SEOUL: South Korean shares rose more than 2 per cent on Wednesday (Jun 4) to their highest in 10 months, as liberal presidential candidate Lee Jae-myung's election victory raised hopes of swift economic stimulus policies and market reforms.
The benchmark KOSPI rose as much as 2.3 per cent in early trade to 2,761.54, the highest since Aug 1, 2024.
Lee began his term on Wednesday, just hours after his victory in Tuesday's snap election, who has vowed to bring corporate reform measures to boost the domestic stock market, raise investment in artificial intelligence, and revive an economy reeling from slowing growth.
The securities sector was the top gainer, rising more than 6 per cent, while financial groups jumped more than 3 per cent. Analysts expect the sectors to gain most from market reform pushes.
On capital markets, Lee vowed to revive legislation within a few weeks to curb abuses by controlling shareholders of chaebol conglomerates, as part of his "KOSPI 5,000" pledge to double the value of the domestic stock market.
The revision to the Commercial Act is seen by market analysts as a fundamental change needed to resolve the so-called "Korea Discount", a tendency for local shares to be undervalued compared with global peers due to low dividend payouts and opaque corporate governance.
"We expect to see meaningful progress in capital market and governance reform post-election," Morgan Stanley's analysts said in a note, setting their KOSPI target for June 2026 at 2,800 for the base case and 3,100 for the bullish case.
Renewable energy stocks rallied on expectations of a reversal in energy policy away from nuclear energy. HD Hyundai Energy Solutions surged 12.5 per cent to the highest since March 2023, Hanwha Solutions climbed 6.4 per cent, Doosan Fuel Cell gained 5.7 per cent, and CS Wind added 4.9 per cent.
As Lee has expressed more conciliatory plans for ties with North Korea and China, stocks with exposure to North Korea, including In The F and Namkwang Engineering & Construction, and those with exposure to China, such as beauty product makers and entertainment firms, advanced.
Among major heavyweights, chipmaker SK Hynix gained 6.3 per cent, while rival Samsung Electronics rose 0.70 per cent.
"A combination of aggressive industrial policies and expansionary fiscal policies could lead to faster economic growth, at least in the short term," said Kim Jin-wook, an economist at Citi.
"The Democratic Party's strong position in the National Assembly may accelerate the implementation of election pledges in the coming years," Kim said.

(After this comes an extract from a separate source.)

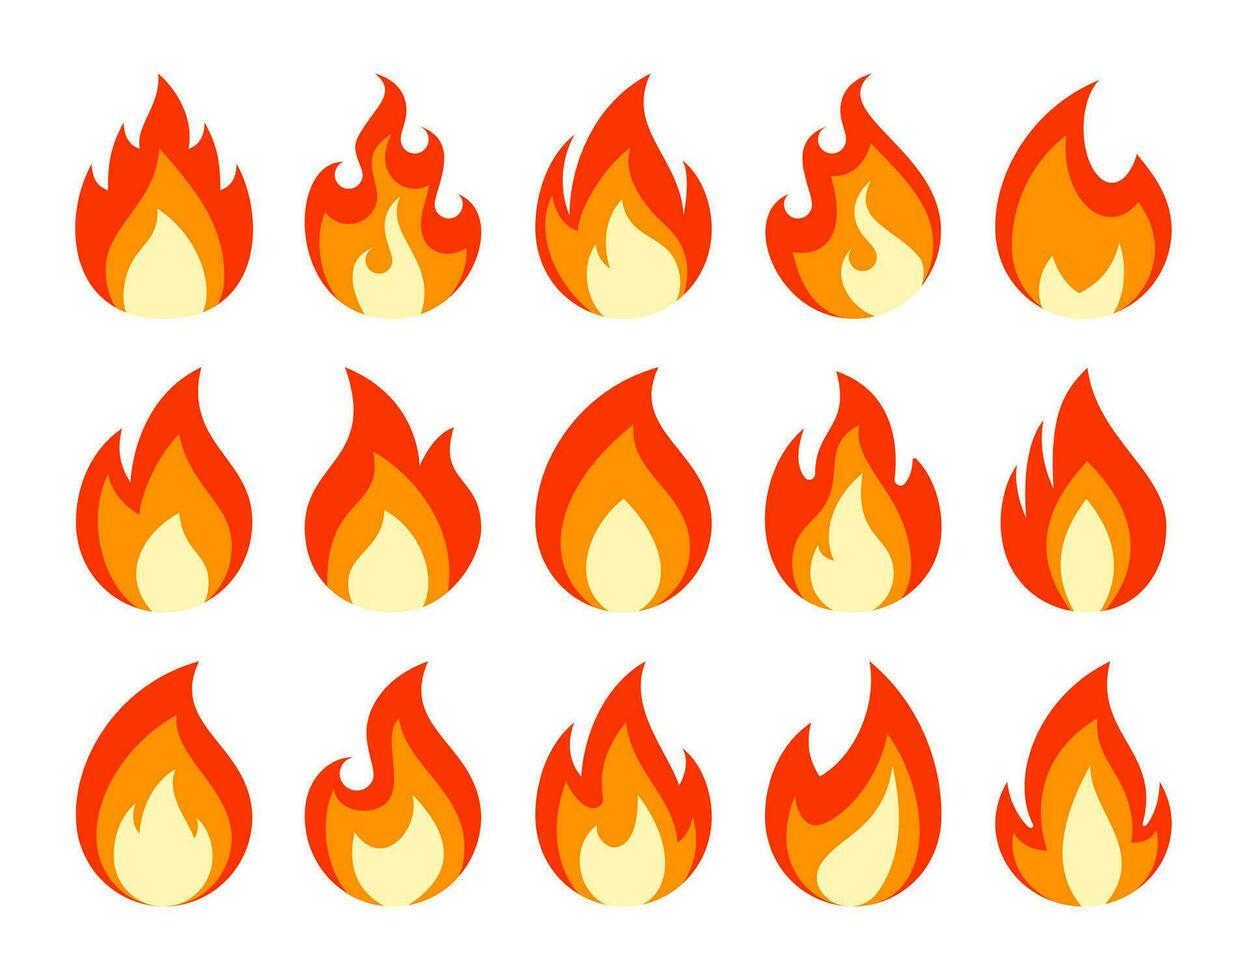 brand emoji. kampvuur brandend vlam, tekenfilm heet rood vreugdevuur, vuurbol abstract koel geweldig symbool. geïsoleerd wildvuur vector pictogrammen reeks

The won was quoted 0.11 per cent higher at 1,375.6 per dollar on the onshore settlement platform, as foreigners bought local shares.
In the bond market, the benchmark 10-year treasury bond yield rose by 5.1 basis points to 2.852 per cent, the highest in two months, as Lee has said he would draft a second supplementary government budget of at least 30 trillion won (US$21.84 million) this year to boost economic growth, after a 13.8 trillion won budget passed in May.